AVAILABLE DATA:
····················

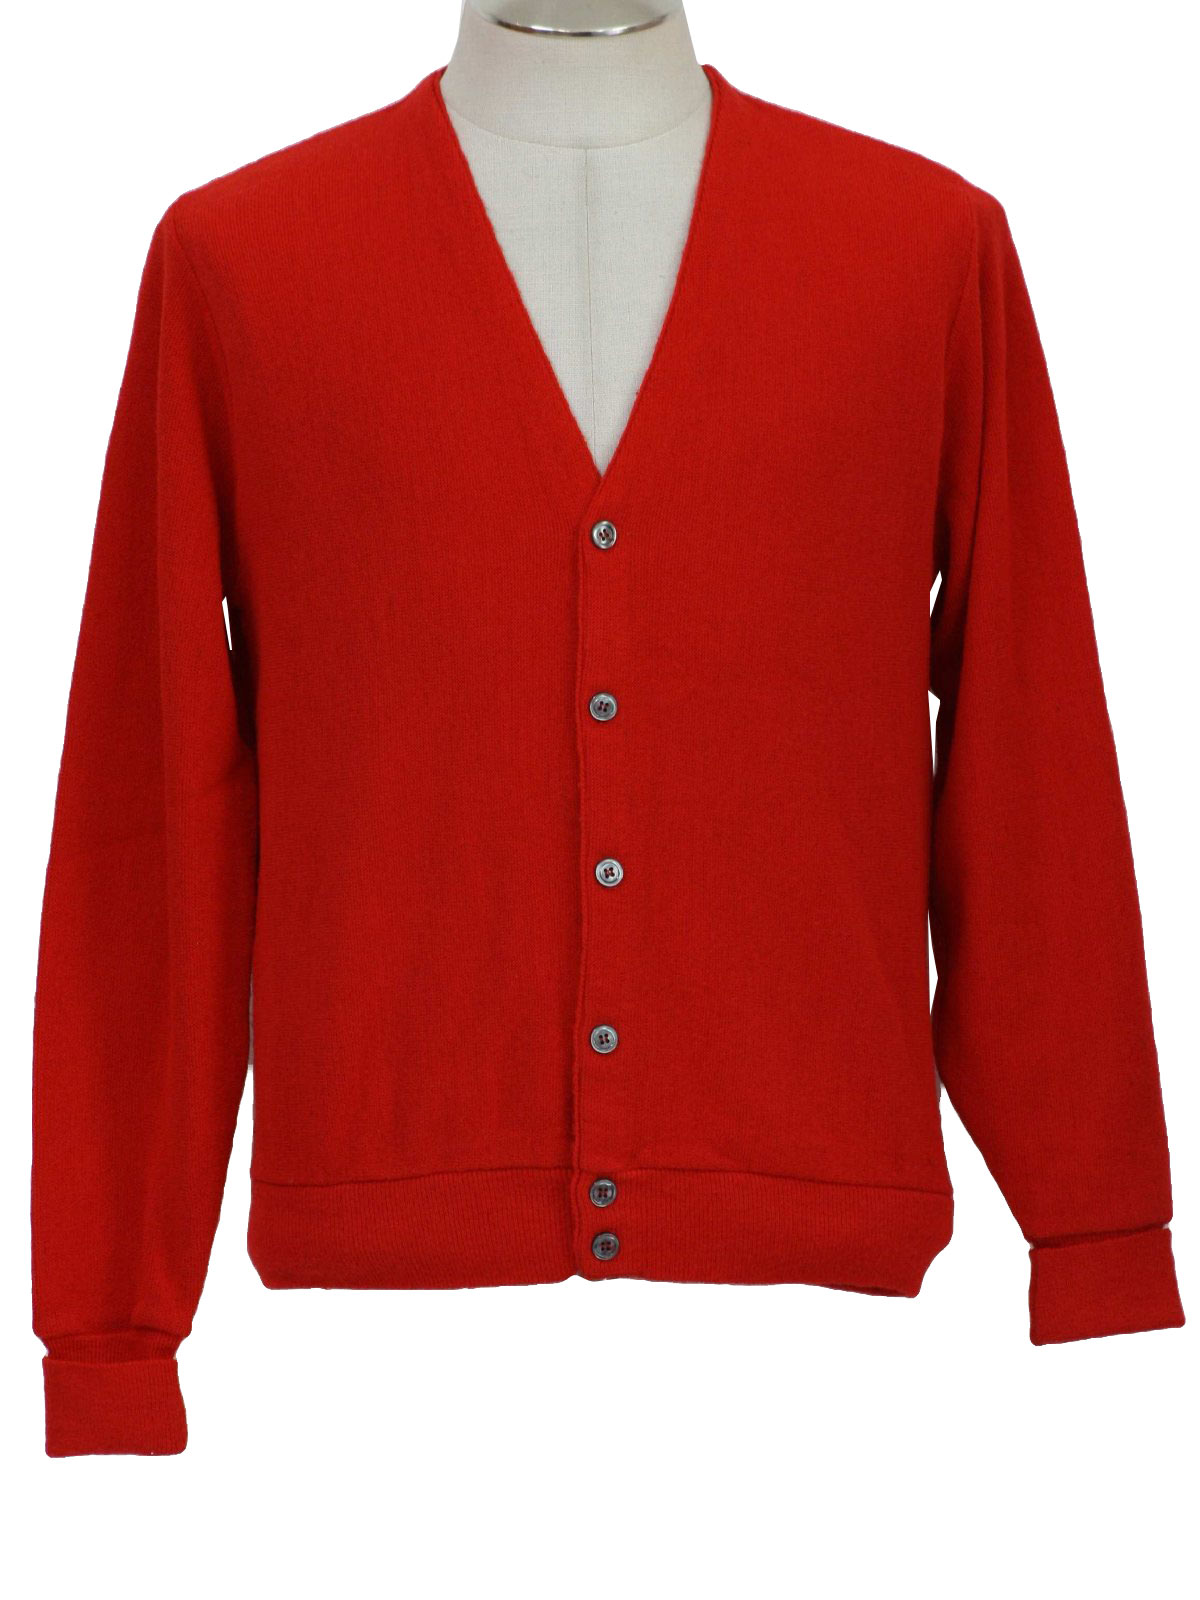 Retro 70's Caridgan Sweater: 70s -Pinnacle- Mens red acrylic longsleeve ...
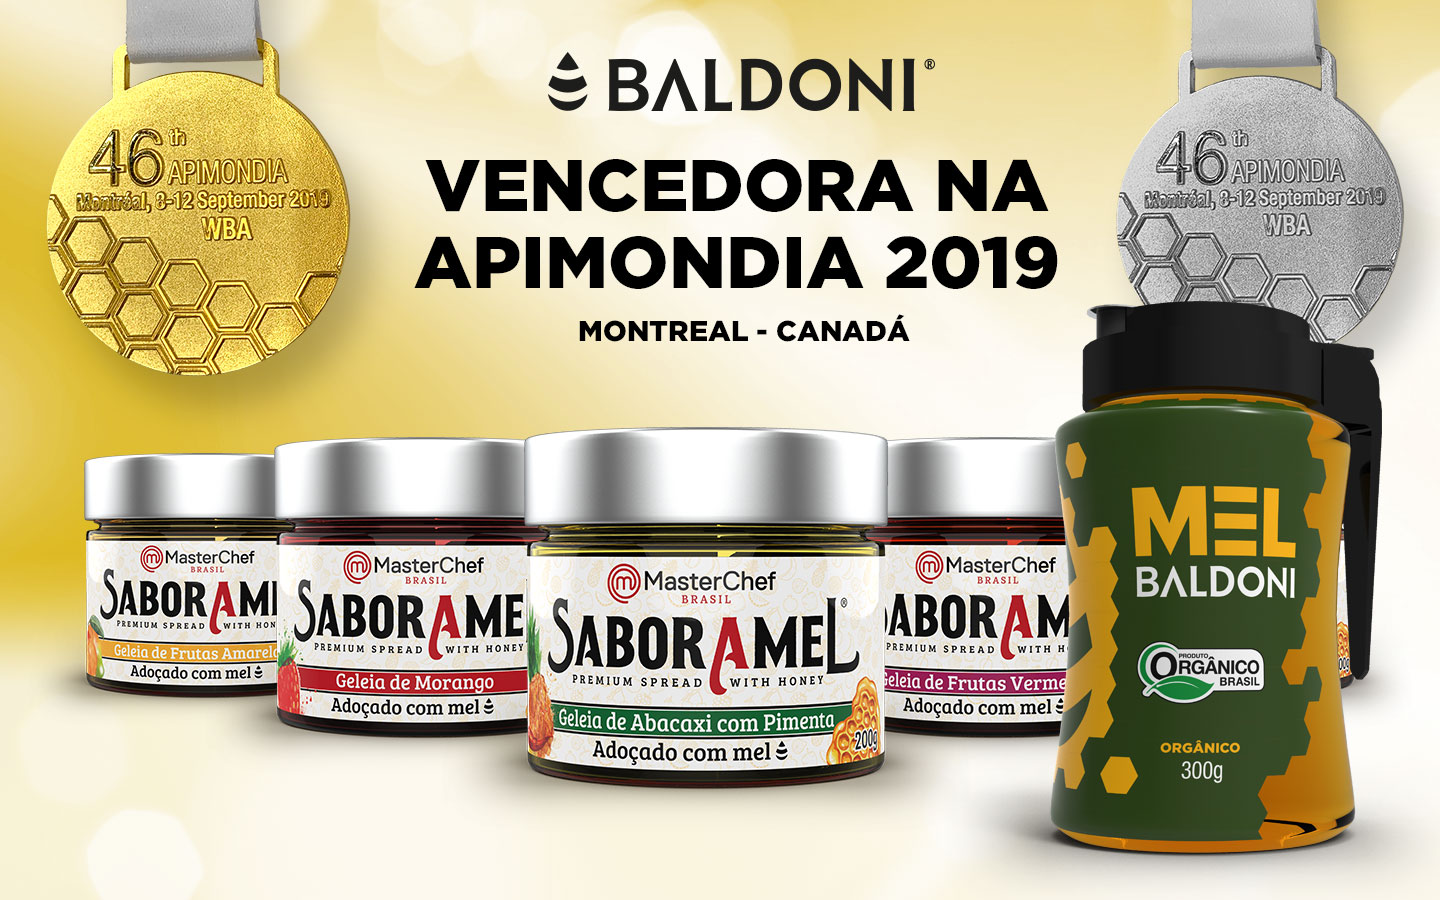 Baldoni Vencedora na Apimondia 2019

····················

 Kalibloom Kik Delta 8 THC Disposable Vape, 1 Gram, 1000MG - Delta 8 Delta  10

····················

WORK INSTRUCTIONS:
Only the lines between the one with "Retro 70's Caridgan" and the one with "Baldoni Vencedora na Apimondia 2019", those two included, get copied from the material above. Keep it exact and free of pictures.

TASK SOLUTION:
 Retro 70's Caridgan Sweater: 70s -Pinnacle- Mens red acrylic longsleeve ...
 Baldoni Vencedora na Apimondia 2019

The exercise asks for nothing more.